If you’re a PC DIY purist and an advocate for the PC Master Race, then you’ve probably scoffed at Apple fanboys more than once or twice. The truth of the matter, though, is that Macs are being used to create some of the most incredible content these days, including on the very professional end of the spectrum. That’s why the creative community has been fighting so hard for an update to the 2013 Mac Pro “trash can.” Instead what they got at WWDC 2017 earlier this week is the new Apple iMac Pro.

Touted not only as the most powerful iMac ever, but also “the most powerful Mac ever,” the new iMac Pro boasts a 27-inch Retina 5K display in the familiar AIO format of the iMacs that came before it.
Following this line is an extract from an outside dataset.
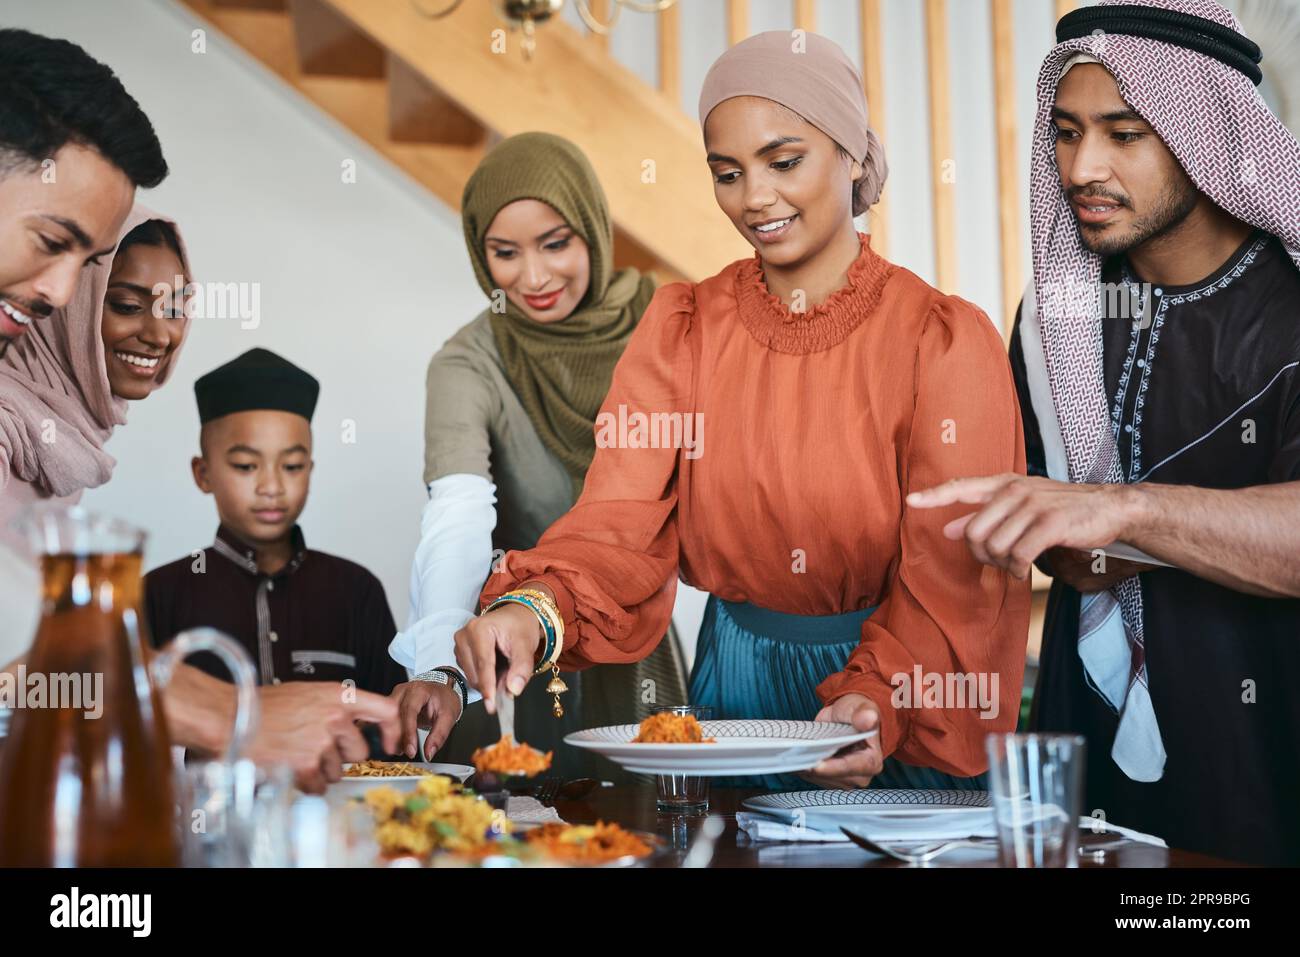 Riempi il tuo piatto. Una famiglia musulmana che si diverte a pranzo. Foto Stock

Under the hood, you’ll find Xeon processors with up to 18 cores and Turbo Boost speeds of up to 4.5GHz, AMD Radeon Vega graphics, support for up to 4TB of SSD storage, up to 128GB of ECC memory, and four Thunderbolt 3 ports. It’s also the first Mac to support 10Gb Ethernet for faster networking.
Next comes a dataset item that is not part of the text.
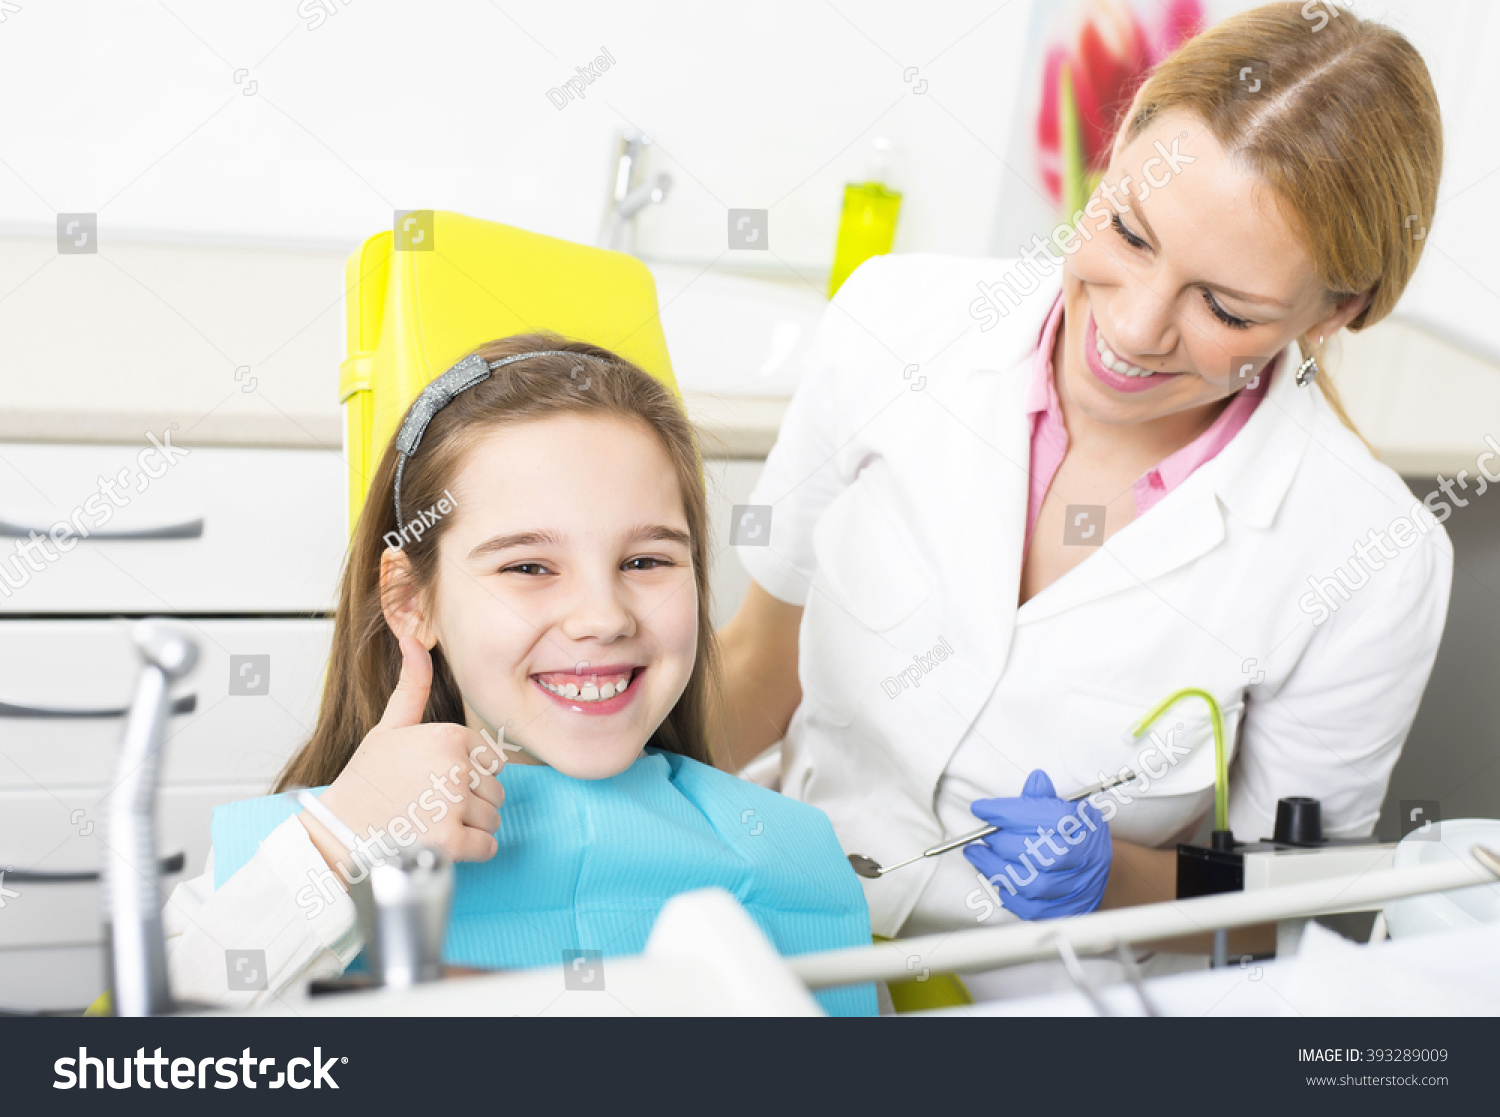 Детская стоматология отзывы о врачах. Стоматология дети. Детский стоматолог. Ребенок у стоматолога. Детский прием у стоматолога.

This all sounds great on some level, but it’s also got us scratching our heads too. Remember that the iMac is essentially a monitor with some notebook components thrown inside, so no one has ever really expected the regular iMac to compete against “real” desktop powerhouses. The iMac Pro is different and it makes us wonder what will happen with the next Mac Pro, whenever that comes to fruition.
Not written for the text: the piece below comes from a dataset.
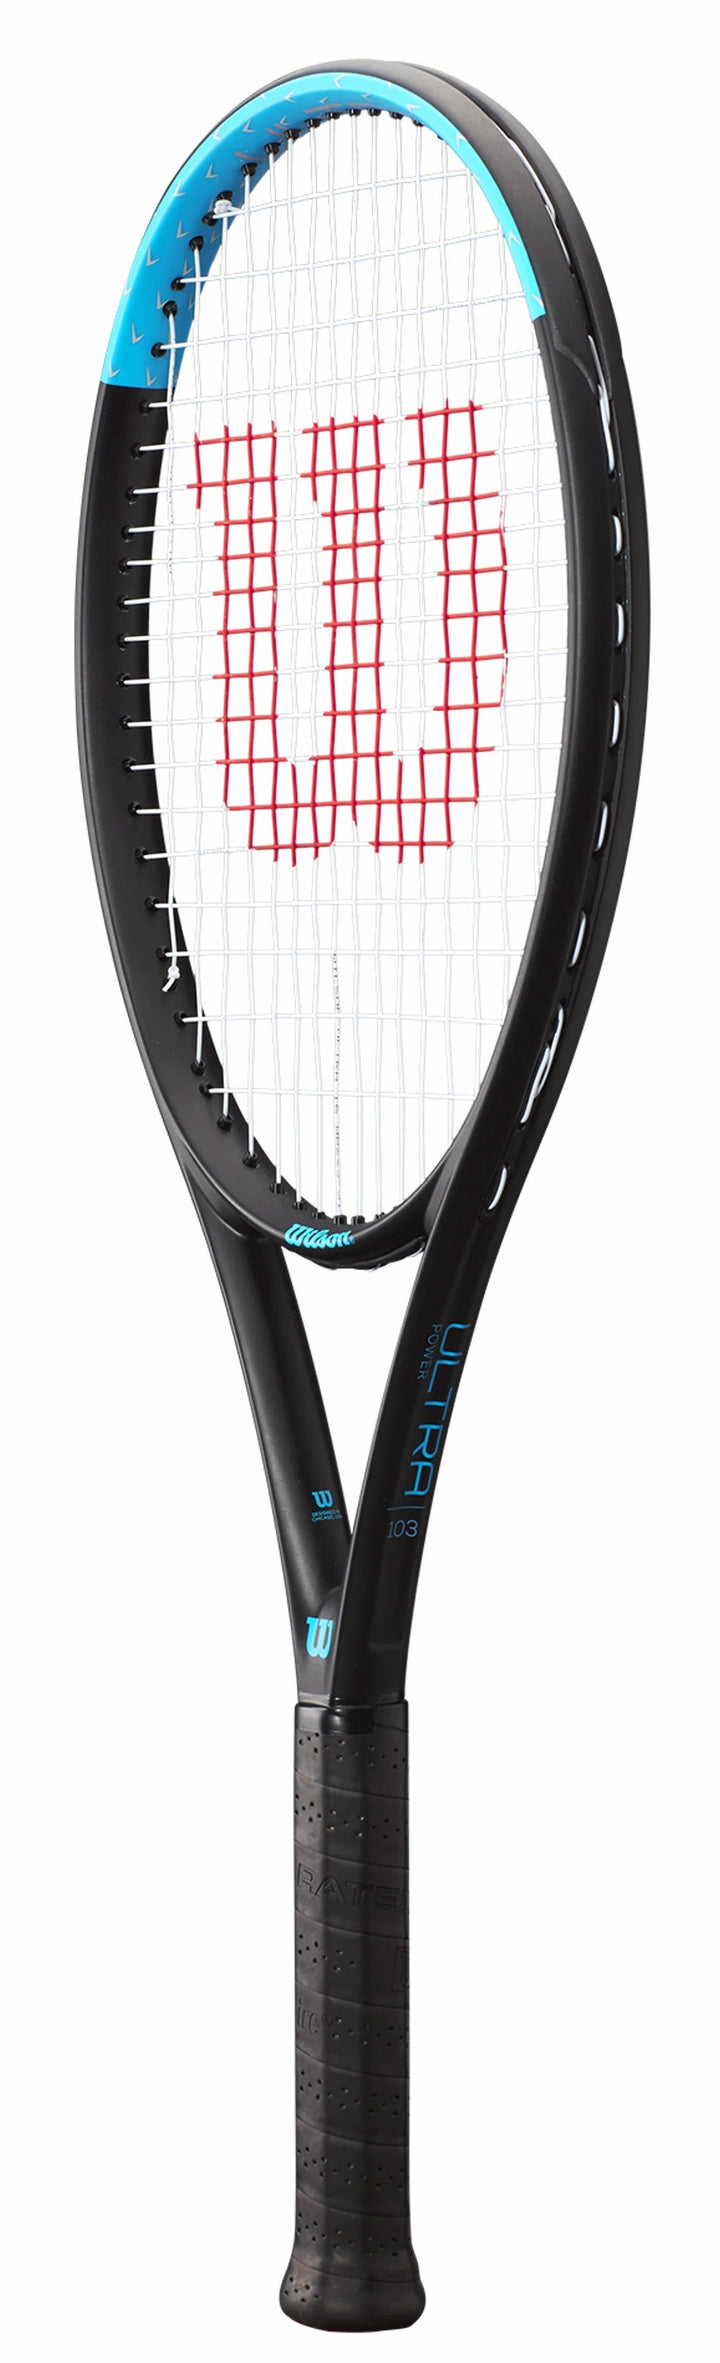 Wilson Ultra Power 103 Tennis Racquet Strung Tennis racquets Wilson

You probably can’t build a PC DIY version of the iMac Pro like how you could with the Mac Pro, but creative professionals are also questioning whether the new iMac Pro can be a viable solution for them too.

Architect Neal Pann of Dahlin Group is concerned about “the lack of support for Nvidia graphics with the new iMac Pro. There are a number of high end graphics applications for rendering and modeling that require Nvidia’s CUDA architecture and not having the option to support that in the upcoming iMac Pro is a deal killer for some.”

Perhaps an even bigger deal, and this will definitely concern the PC DIY crowd especially, is the lack of user replaceable parts. Rick Allen from Globeflex Capital LP mentions that while the RAM is in sockets, “there is no door to get at it and so makes it very hard to get 3rd party RAM upgrades.” The heat dissipation might also be a problem.

Are you interested in the new iMac Pro? You’ve got some time to think about it, as it won’t be hitting the market until December with pricing starting around $4,999 USD.